Redemption gives way to acceptance
And perhaps that is exactly where their strength lies. “Especially in the artistic field, the things that only you can create are interesting,” notes drummer Steve Lamos, who alongside the band also works as a professor of Writing and Rhetoric at the University of Colorado and is intensively interested in the influence of AI. “The strange peculiarities. The strange things. The experiences that only you have had. That’s exactly what makes people interesting. Take artificial intelligence,” he says. “It often ends up creating the most average, boring version of something. It always moves toward the middle. And the middle is boring as hell.” Maybe that’s one reason why “LP4” seems like the most radical album the band has made to date. Not because it has become louder, but because it allows itself to be contradictory. Heavy and playful at the same time, dark and yet full of warmth.
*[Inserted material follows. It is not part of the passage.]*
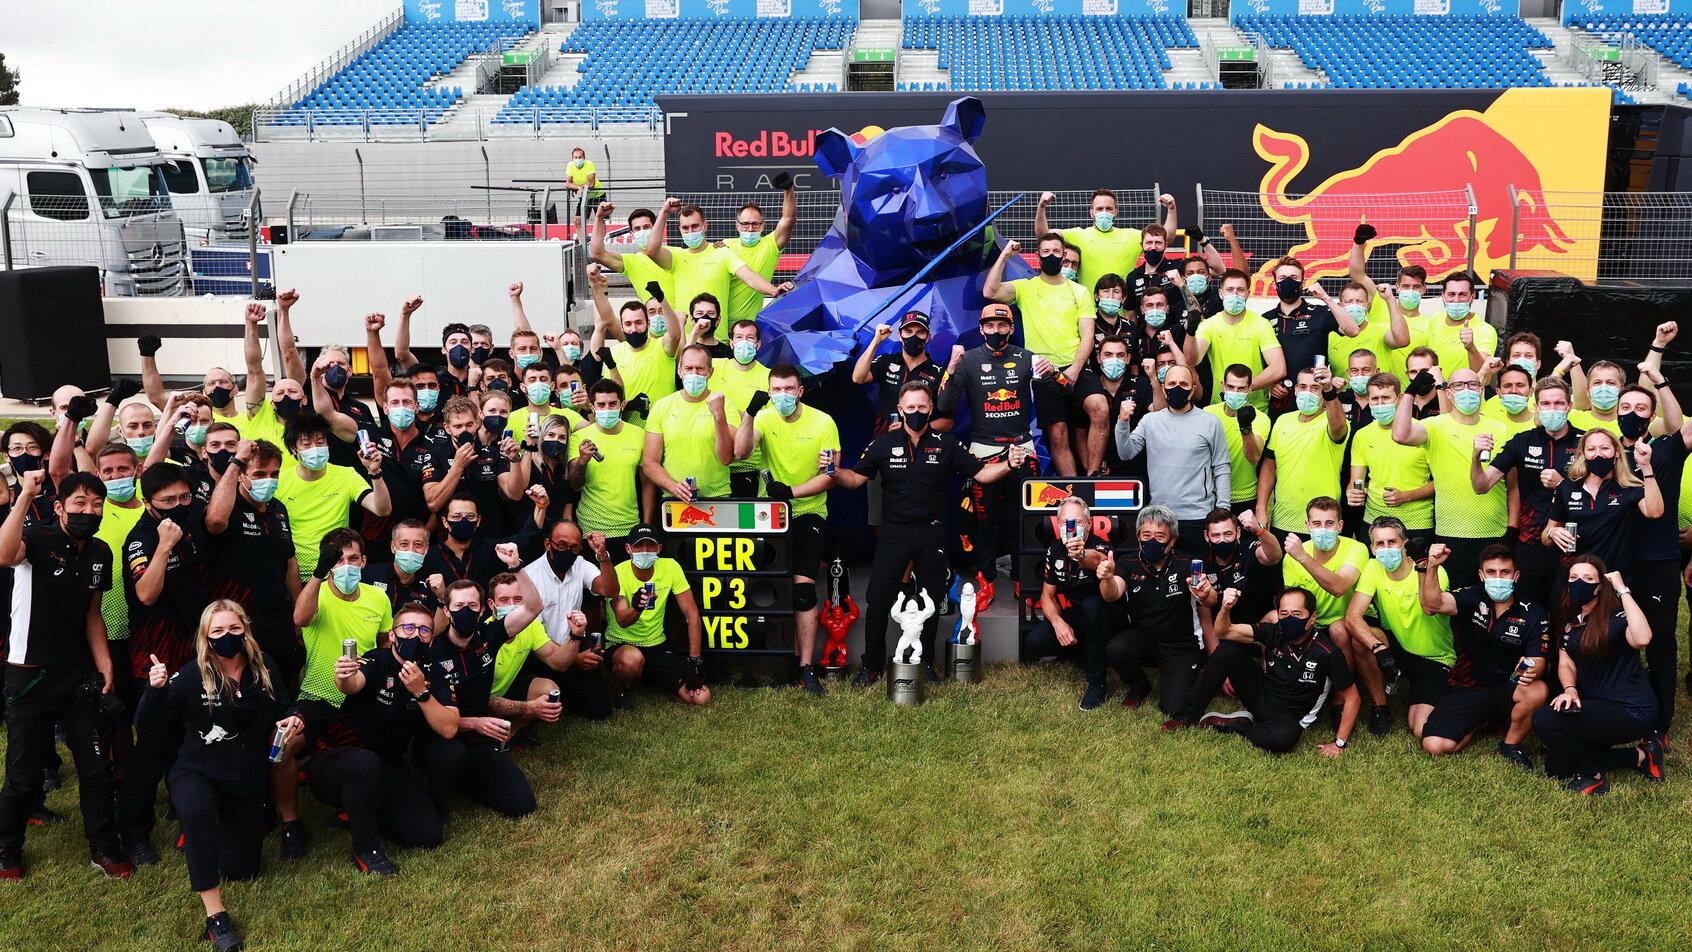 Vítězný tým Red Bull po závodě ve Francii

“We wanted to make the music sound more playful to contrast with the heavy themes,” says Kinsella. “I just hope that everything seems less one-dimensional. That it is also a little more confusing or complicated. Just like life.” Darkness, self-dissolution and finiteness lurk between the lines of “LP4”. But in front of you on this Wednesday morning is a band talking about the value of nostalgia, the future of their children and the music of Van Halen. The album may refuse redemption, “but I don’t need that redemption,” says guitarist Steve Holmes. “I accept who I am. There’s almost something religious about it. I think there’s light in the darkness throughout the album.”
There are still no clouds hanging over Chicago this Wednesday morning. The evening is going to be fantastic, says Kinsella finally, with a view to the upcoming baseball game. “As dark as some things are, in the end everyone is still just trying to live their lives. And I think that’s also in the music.” That too is the world. Yes, maybe that’s exactly what the world is.